29 January 2010

Chabon's World

Sometimes one walks into a bookshop and a book catches one's eye. You have never heard of the author, you flip through a few pages and are hooked. Then you take it home and devour it over your weekly commute and before long you suspect you will be living with a few more of the author's books. Something much like this happened to me when I picked up Michael Chabon's collection of short stories, A Model World, a few weeks ago.

It turns out the man is something of a literary superstar and one half of a - ahem - model writing couple.
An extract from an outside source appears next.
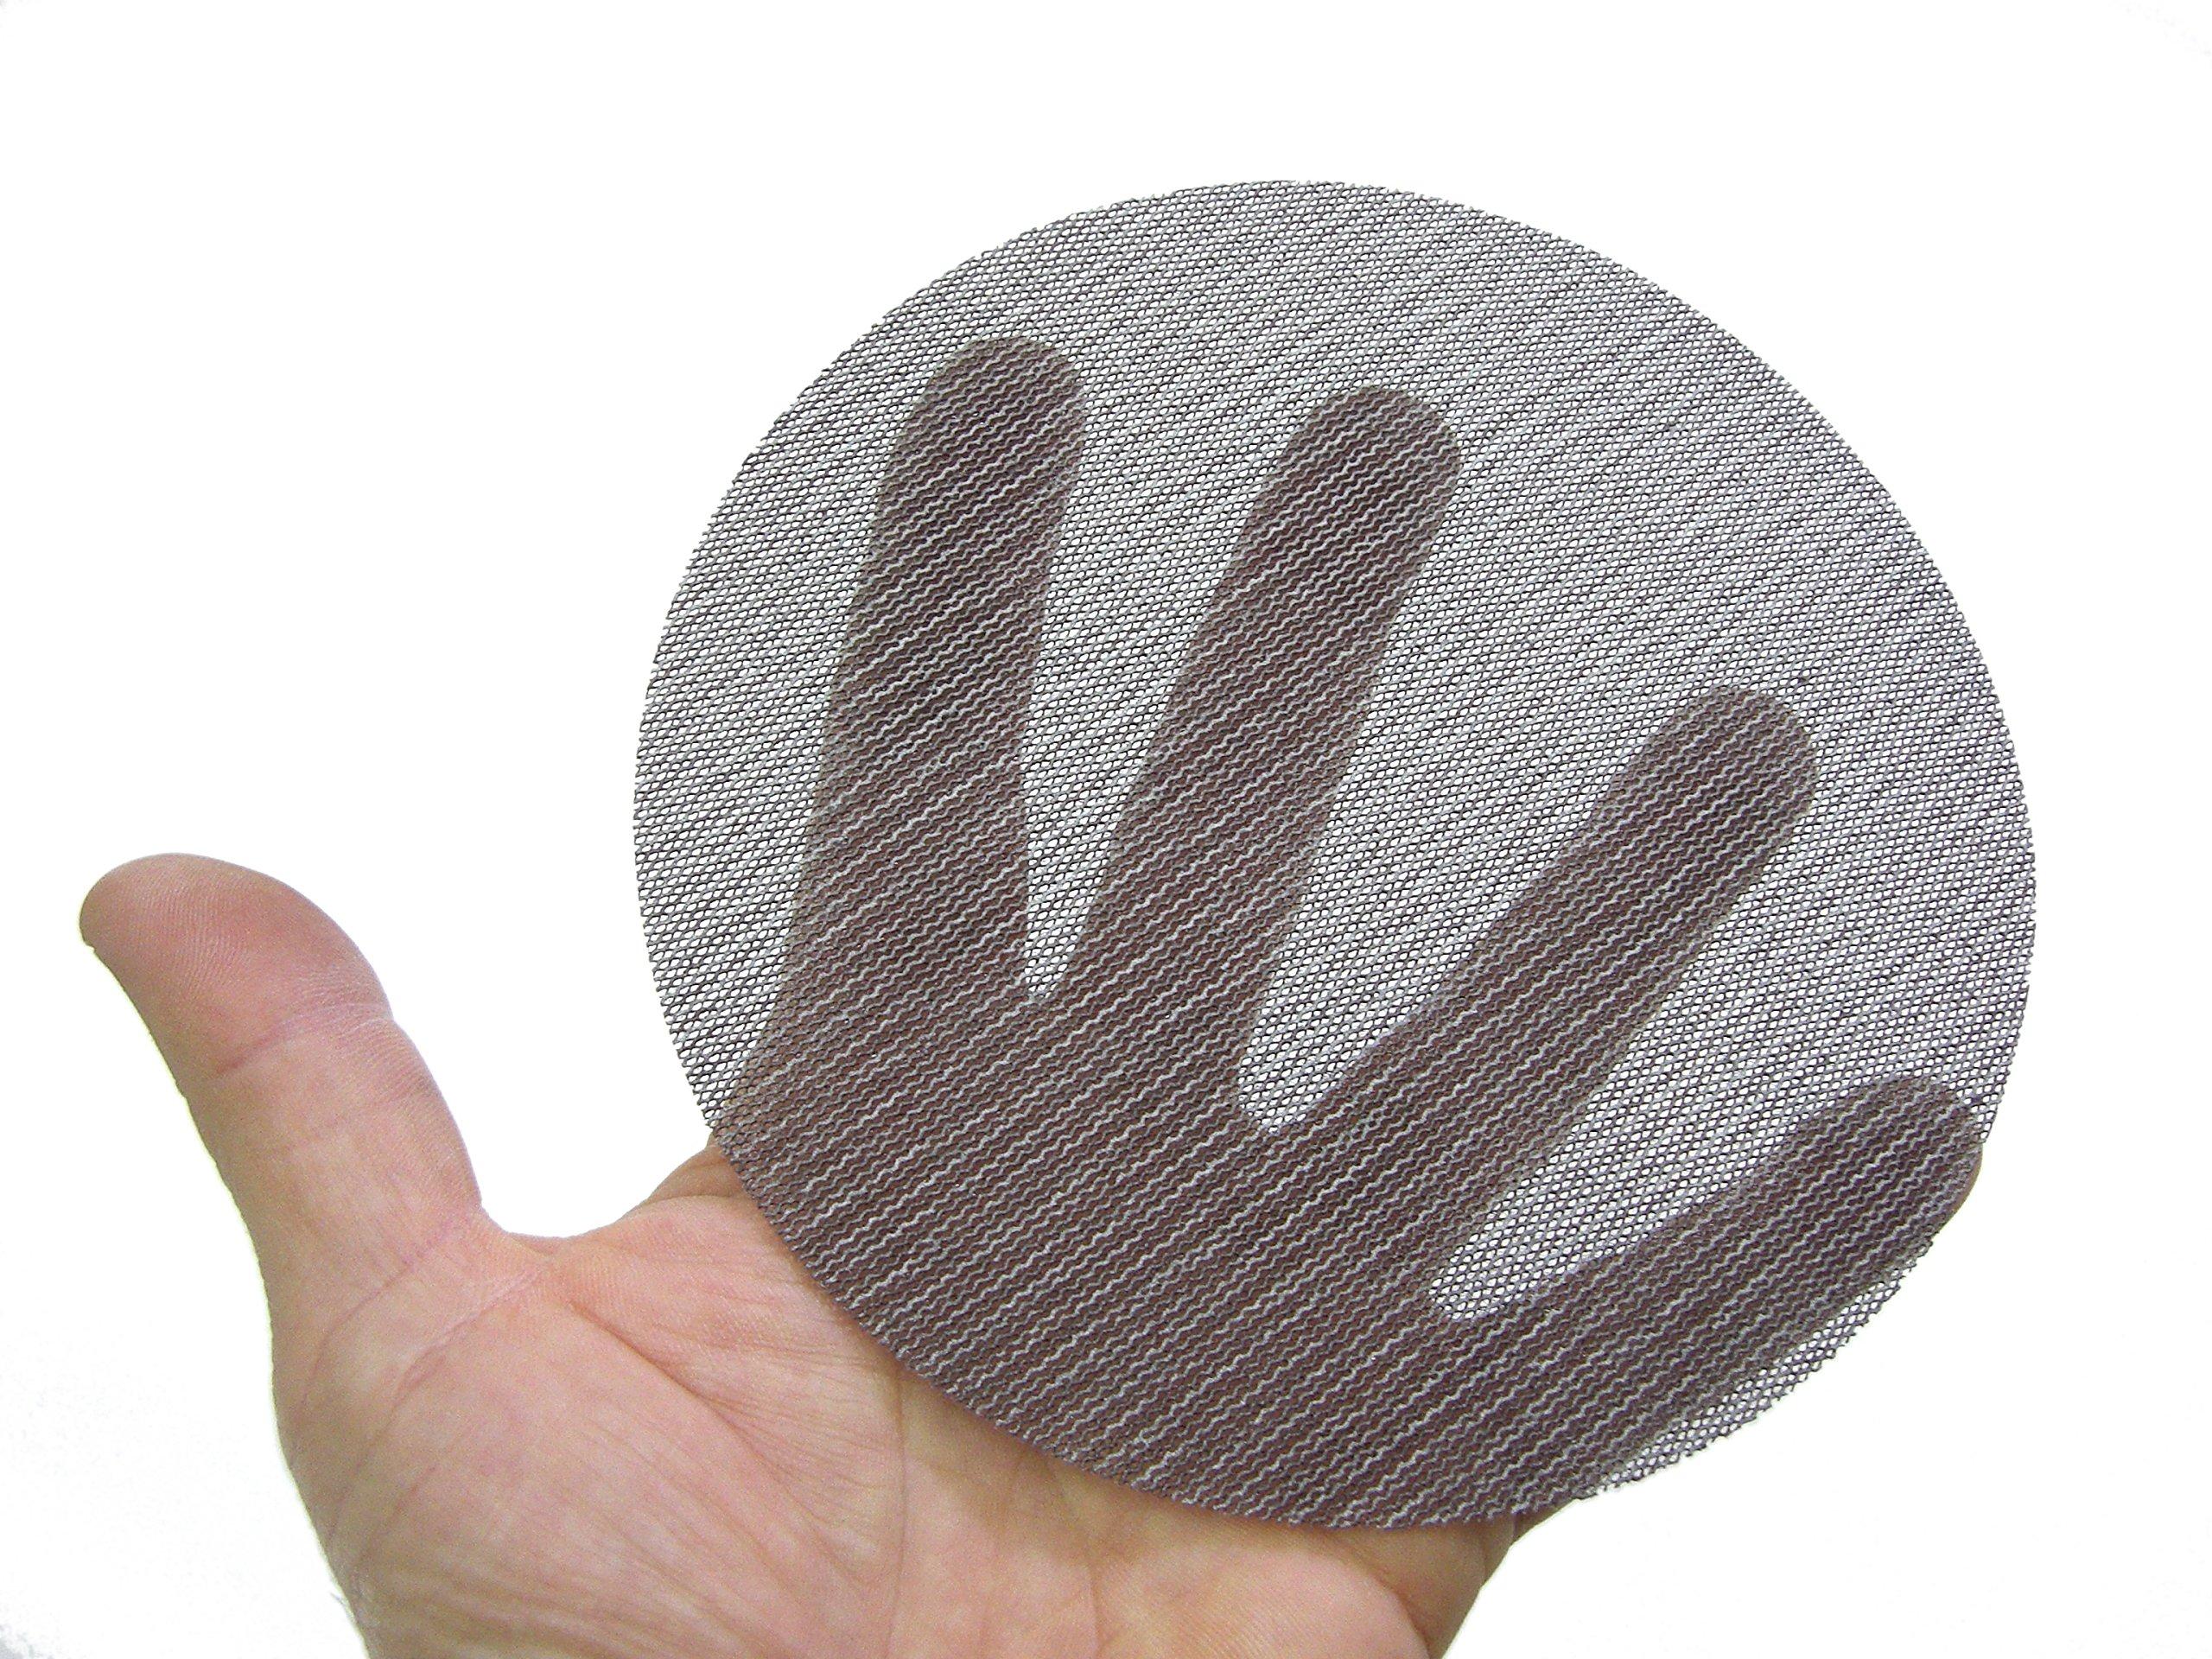 Mirka 9A-232-320 Abranet 5'' 320 Grit Mesh Abrasive Dust Free Sanding Discs (Box of 50 Discs) by Mirka (Image #2)

A Model World is an early book of Chabon's. The stories in the first section, A Model World, are disparate. Section 2, A Lost World, follows Nathan Shapiro through the aftermath of his parents' divorce. Chabon's stories are loose, shambolic and yet perfectly structured. Through them course many elements of pop culture and literary nods. And here's the thing, the stories themselves do not always engage or ring true. Even in the straightforward chronicle of A Lost World, at some point you disengage with the characters even though Chabon is so very good at creating the world of childhood and adolescence in the midst of changes it does not fully understand. Yet you are utterly charmed. It is a collection where the persona of the author looms larger than anything the stories might have to say (and inspite of the aforesaid disengagement they do have plenty to say though never in a sledgehammer way). Chabon's joy in writing, the beauty of his language (I haven't read anything in a long time where you want to copy out the sentences), the suggestion that many of the enthusiasms, interests and wistfulness in the stories (and these are many) are all his is effortlessly communicated to the reader so that you care less about the story Chabon chooses to tell than the way he tells it.

Books are expensive, unfortunately it is not always possible to maintain a book harem of an author you like. Still, I might invest in The Mysteries of Pittsburgh.